The Scoreboard: This Week's Winners and Losers
The Scoreboard took a couple weeks off to drink eggnog, hang out under the mistletoe and watch C-SPAN on New Year's Eve (just kidding!). But don't worry: It's back with a vengeance in 2013.
Just as we did last year, we'll deliver a list each Friday of the winners and losers in Vermont news and politics. As always, we've consulted with a wide range of people as clueless as we are — and totally arbitrarily aggregated the results below.
So, without further ado, here's The Scoreboard for the week of Friday, Jan. 4 (oh, and all those weeks we missed):
Winners:
Porky Patrick — Those worried that Vermont's going to lose out on federal handouts now that Sen. Patrick Leahy (D-Vt.) has turned down the chairmanship of the Senate Appropriations Committee ought to ask Rutland's GE Aviation what they think.
Shap Smith — Rep. Paul Poirer (I-Barre) never stood a chance in his bid to take the reigns from House Speaker Shap Smith (D-Morrisville), but his decision to drop out of the race for speaker two weeks ago (as first reported by the Burlington Free Press' Nancy Remsen) lets Smith avoid a messy vote.
Vermont State Employees Association — The state employees' union suffered a staffing setback last fall, but a couple new old hands should help them get back on track — at least within the Statehouse.
Our Sexual Health — Good news: Vermont's gettin' it on safely. Runner-up loser: Burlington, which is only 25th in boozin' it up.
Tie Score
Vermont's Congressional Delegation — On the upside, they dodged a bullet by not having to vote for an Obama/Boehner "grand bargain" that included cuts to popular entitlement programs. On the downside, they had a lousy New Year's Eve and caved on their promises to raise taxes on those earning more than $250,000 a year. The really bad news? They'll have a bunch of tougher votes in the months to come.
Vermont Dairy Farmers — They didn't get the new farm bill that Sen. Leahy and Rep. Peter Welch (D-Vt.) fought for on the Senate and House agriculture committees, but at least they got a nine-month extension to the old farm bill in the final fiscal cliff deal.
Armando Vilaseca — Vermont's commissioner of education got to keep his job — and got a fancy new title — but why for only a year?
Losers:
Nepotism — As the Rutland Herald's Gordon Dritschilo reported Friday, recently-resigned Rutland County senator Bill Carris' son, Tracy, is out of the running for his dad's seat. Gov. Peter Shumlin will have to choose one of three candidates — Eldred French, Cheryl Hooker and Robert Baird— to fill the vacant seat.

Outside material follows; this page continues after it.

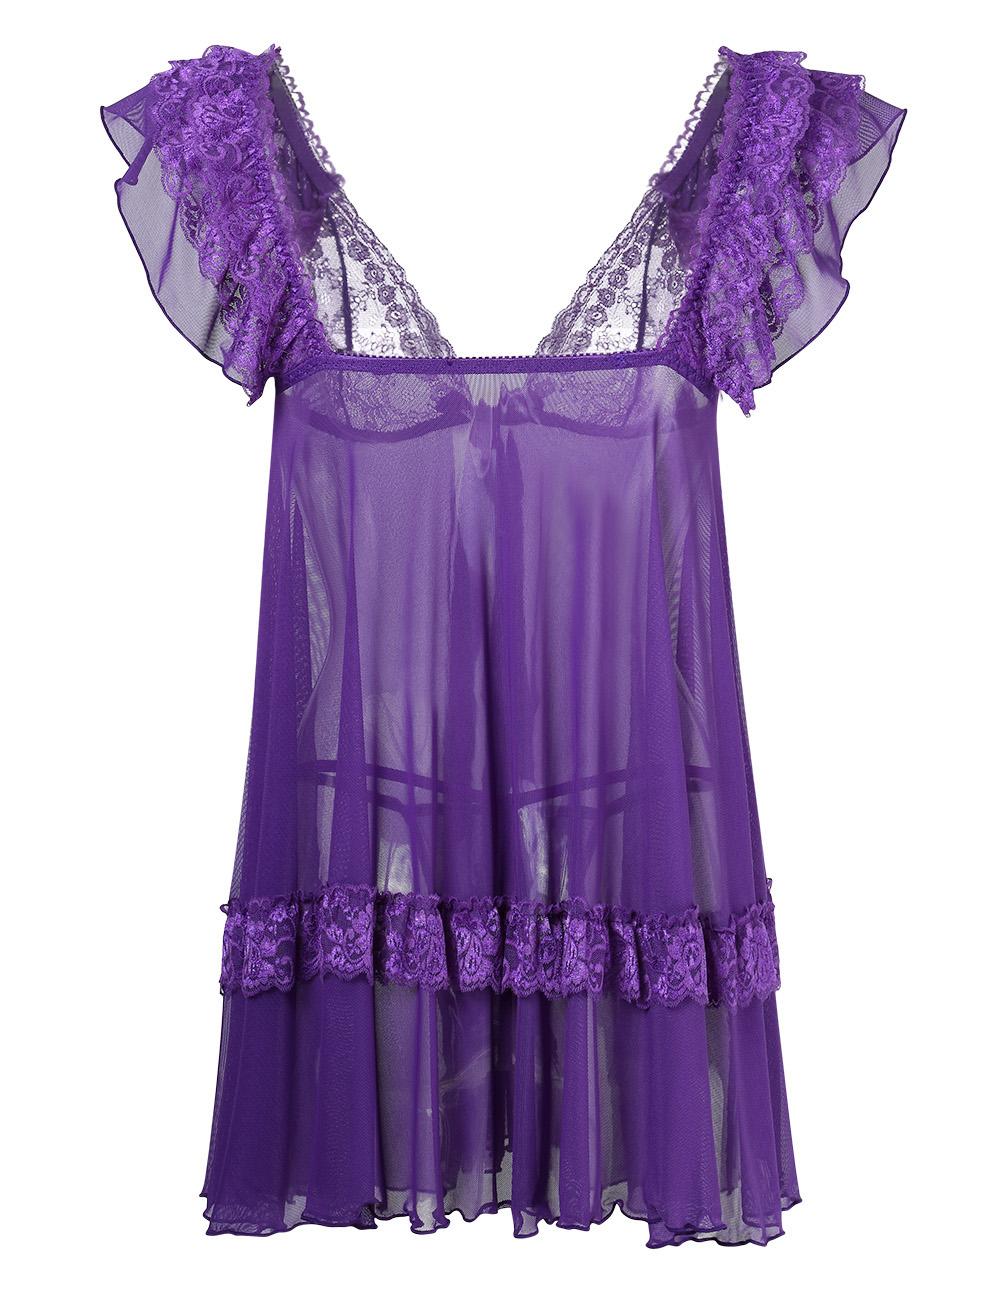 lace lingerie dress - photo #36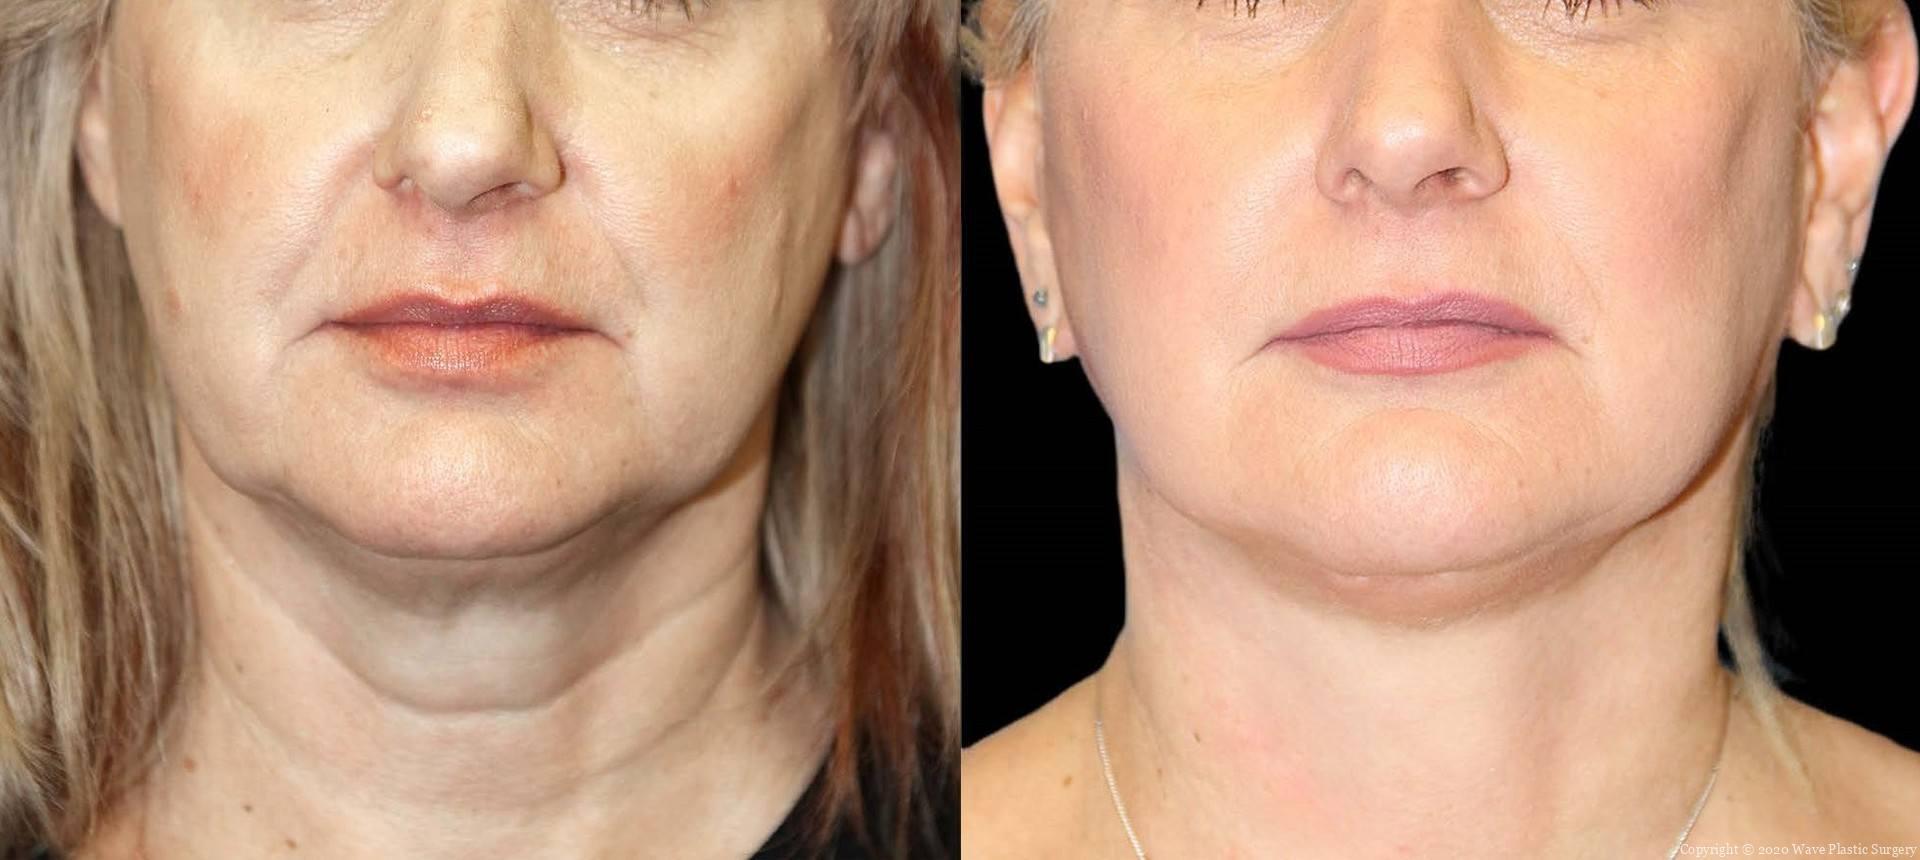 Curelift Facelifts Facial Surgery 4

Vermont State Police — Apparently, Shumlin's security detail didn't get to tag along on his six-day vay-cay to Italy last month, VTDigger.org's Alicia Freese reported Thursday. Arrivederci, po-po!
Vermont Yankee — As VTDigger.org's Andrew Stein reported, UBS Securities thinks Entergy Corp. should shutter Vernon's Vermont Yankee. Safe, clean, reliable... and going out of business?